After his death, father Mark established the Kiyan Prince Foundation, which combats knife crime and youth violence through outreach work, one-to-one mentoring and training programmes. The foundation reaches an estimated 58,000 students every academic year, and works with schools, sports clubs and communities.
“It should not take a campaign group to keep this issue in the public eye,” said Mark in 2019, when he received an OBE for services to tackling knife and gang crime. “When the powers that be are slow to act, the Kiyan Prince Foundation will do what it can to help, but we [also] need your support, your energy.”
The fundraising hero
To date, Jamie McDonald has raised almost £1million for charity, in a staggering array of gruelling challenges – including running 5,000 miles across Canada, and 5,500 across the US (the equivalent of 200 and 210 marathons respectively).
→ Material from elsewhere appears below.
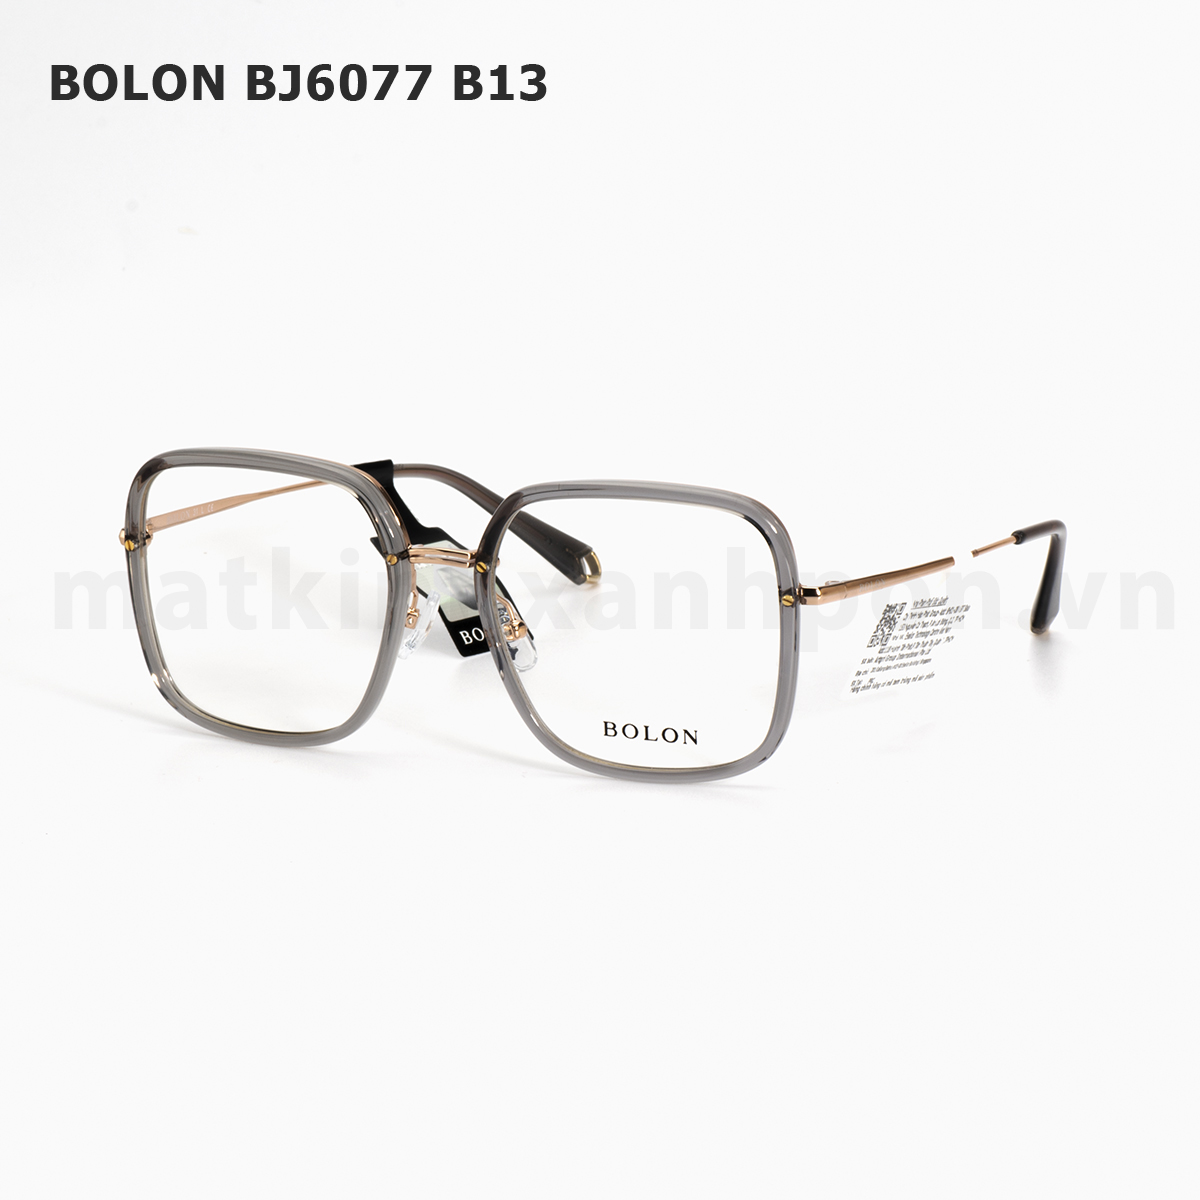 Bolon BJ6077 B13

As a child, Jamie suffered from a rare spinal condition called syringomyelia, which led to a debilitating immune deficiency and epilepsy. His symptoms eased as he got older, and in his 20s he managed to cycle 4,000 miles from Bangkok to his home in Gloucester, to raise £10,000 for the hospital that had treated him as a boy. Shortly afterwards, he broke the world static cycling record, cycling non-stop for 268 hours – more than 11 days – breaking for just five minutes in every hour cycled.
In 2020, he began perhaps his toughest challenge yet: fatherhood, with the birth of his daughter Storm. “I had no idea how hard it would be,” he tweeted earlier this year. “It makes dodging a mountain lion in the Arizonian desert look like a stroll in the park!”
What is the history of Father’s Day?
Father’s Day originated in the US, where it was first celebrated in 1910 – in Spokane, Washington. It was the idea of Sonora Smart Dodd, daughter of American Civil War veteran William Jackson Smart, who had heard about the new Mother’s Day public holiday (founded in 1907).
Originally, Sonora suggested her father’s birthday – 5 June – as the date, but the third Sunday in June was selected instead. The idea gathered momentum, and soon Father’s Day was celebrated all over the US. The UK embraced the tradition after the Second World War, and this year’s Sunday falls on 20 June.